Clause 2.16 states: ‘The contractor is responsible for marketing and developing commercial, industrial and business use of
the Airport … with the intention of increasing the revenues from user fees, fuel sales and hanger leases.’

That must be akin to writing the marketing plan for the return trip of the Titanic. The city has imposed a hanger lease rate that is 6 X the price that Stratford charges, and the landing fees have resulted in aircraft based at the Owen Sound airport being sold. The airport is being actively boycotted by pilots who are not willing pay an additional $35.00 fee to land to buy fuel.

So where do the ratepayers of Grey County and the Municipality of Meaford come in to save the airport so it can continue to support the air ambulance? By letting your councillors know that you think they shouldfind a way to help support it. They can’t do it without your public support.

The Meaford Deputy Mayor, Shirley Keaveney, sent an email to the ad hoc committee that is trying to save the airport. It states:
“At our last Council meeting I asked the question…..What is our role in the decision of Owen Sound to possibly sell this facility? The response from our Clerk, Matt Smith is that Owen Sound owns this airport.

“The business is in the Municipality of Meaford as we know so the tax levy comes to us. Mr. Smith suggests that our council has no ability to influence this discussion.’

Two takeaways. All of the taxes from the Airport come to the Municipality of Meaford, yet they do not financially support the airport for the services it provides to its ratepayers. The staff of the Municipality of Meaford does not think their council can influence the discussion to sell or close the airport. I submit that they sure could influence the discussion if they sent the taxes back to Owen Sound, asked for an airport advisory committee to be set up and had a seat on it.

The Meaford Deputy Mayor is also a Grey County Councillor. In her email she reported: ‘Grey County Council has engaged recently in conversation regarding our three airports. A report was presented with recommendations for investment and expansions to the Wiarton Airport. At that time members of county council felt that it wasn`t a fair approach to support one local airport financially over another.
Further discussions will happen at this level.’

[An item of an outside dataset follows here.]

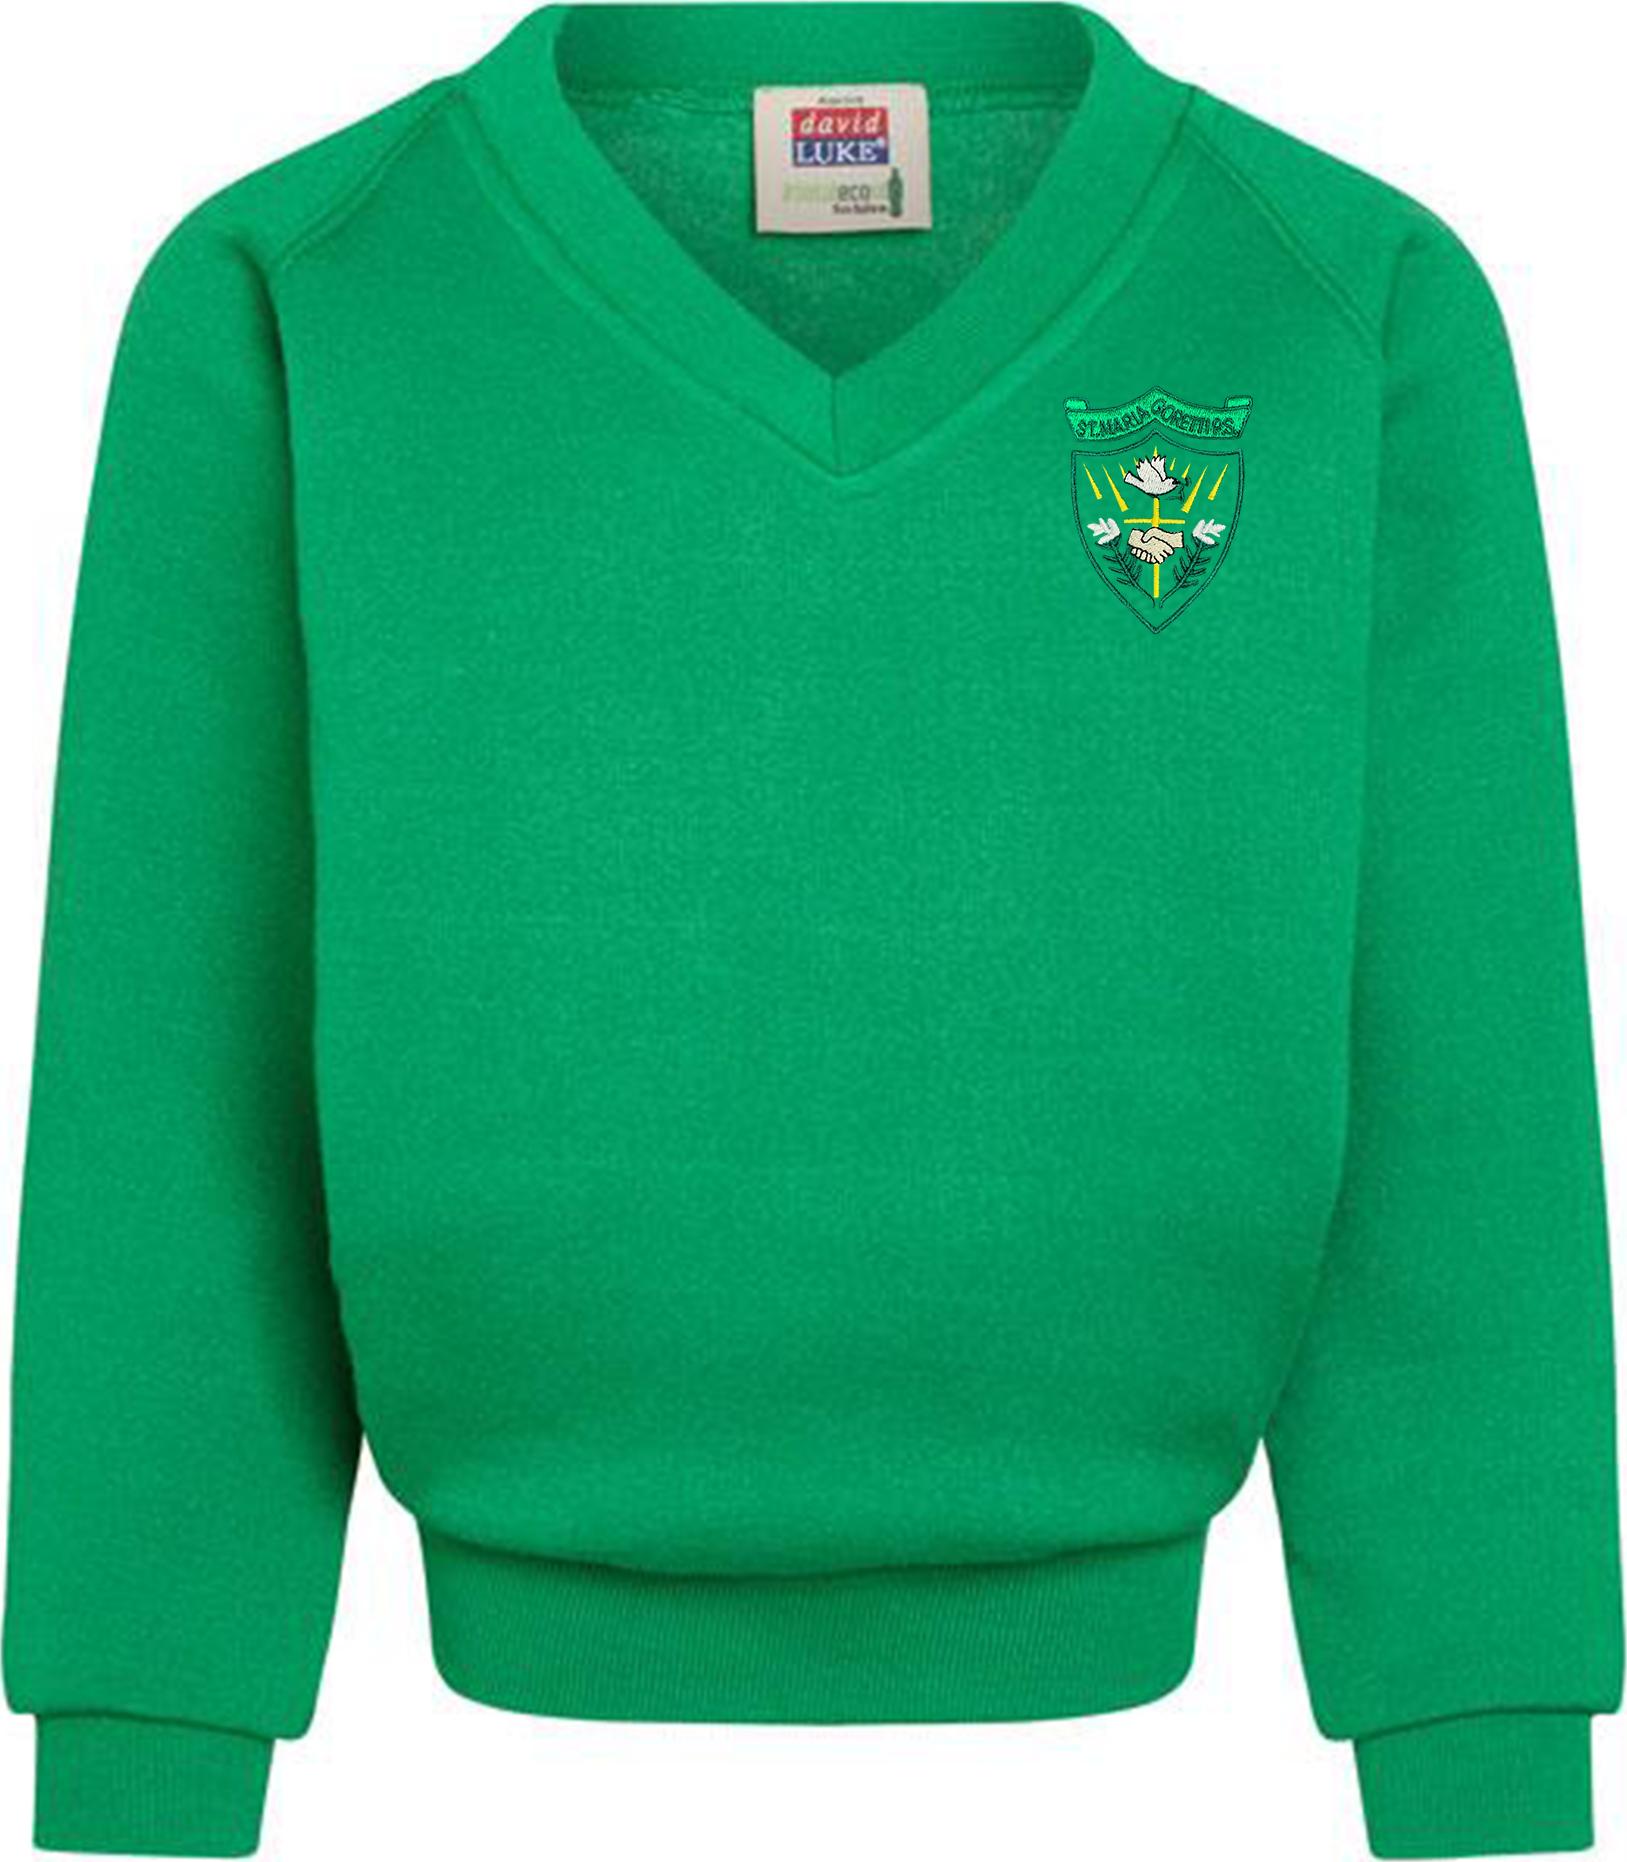 St. Maria Goretti Primary V Neck Sweatshirt

What is being missed here is the critical role that the Billy Bishop Regional Airport serves in the timely support of the air ambulance service to the County. It is located 5 minutes from the Regional Health Center and for 30 years Ornge has needed that airport every 9 days to complete a lifesaving mission.

In further correspondence with me Councillor Keaveney wrote: "I am hopeful a new business model can be established that eases the financial burden on Owen Sound while allowing continued airport service.”

The Grey County budget is approximately 3 times the budget of Owen Sound. The City Council has clearly communicated that they are unwilling to continue to finance the airport by themselves. The present city manager has stated that he will support the airport at the $105,000 to $110,000 yearly budget requirement. The difference can be made up by Grey County providing funding of $125,000 per
year, equivalent to 0.6% (about half of one percent) of the county’s $20 million transportation budget.

I am confident, having chaired the last Airport Advisory Committee, that re-establishing such a committee of stakeholders can successfully lower the cost of operation if rates and fees are appropriate to attract rather than drive off users of the airport. Stakeholders include the City of Owen Sound, Municipality of Meaford, Grey County, DND Base Meaford, the Flight School, Hanger Owners and others.

So, if you believe that you or a loved one may ever need to take a life saving ride in the Ornge helicopter, please contact your local councillor and make your feelings known. The airport is dying and it needs your life saving support.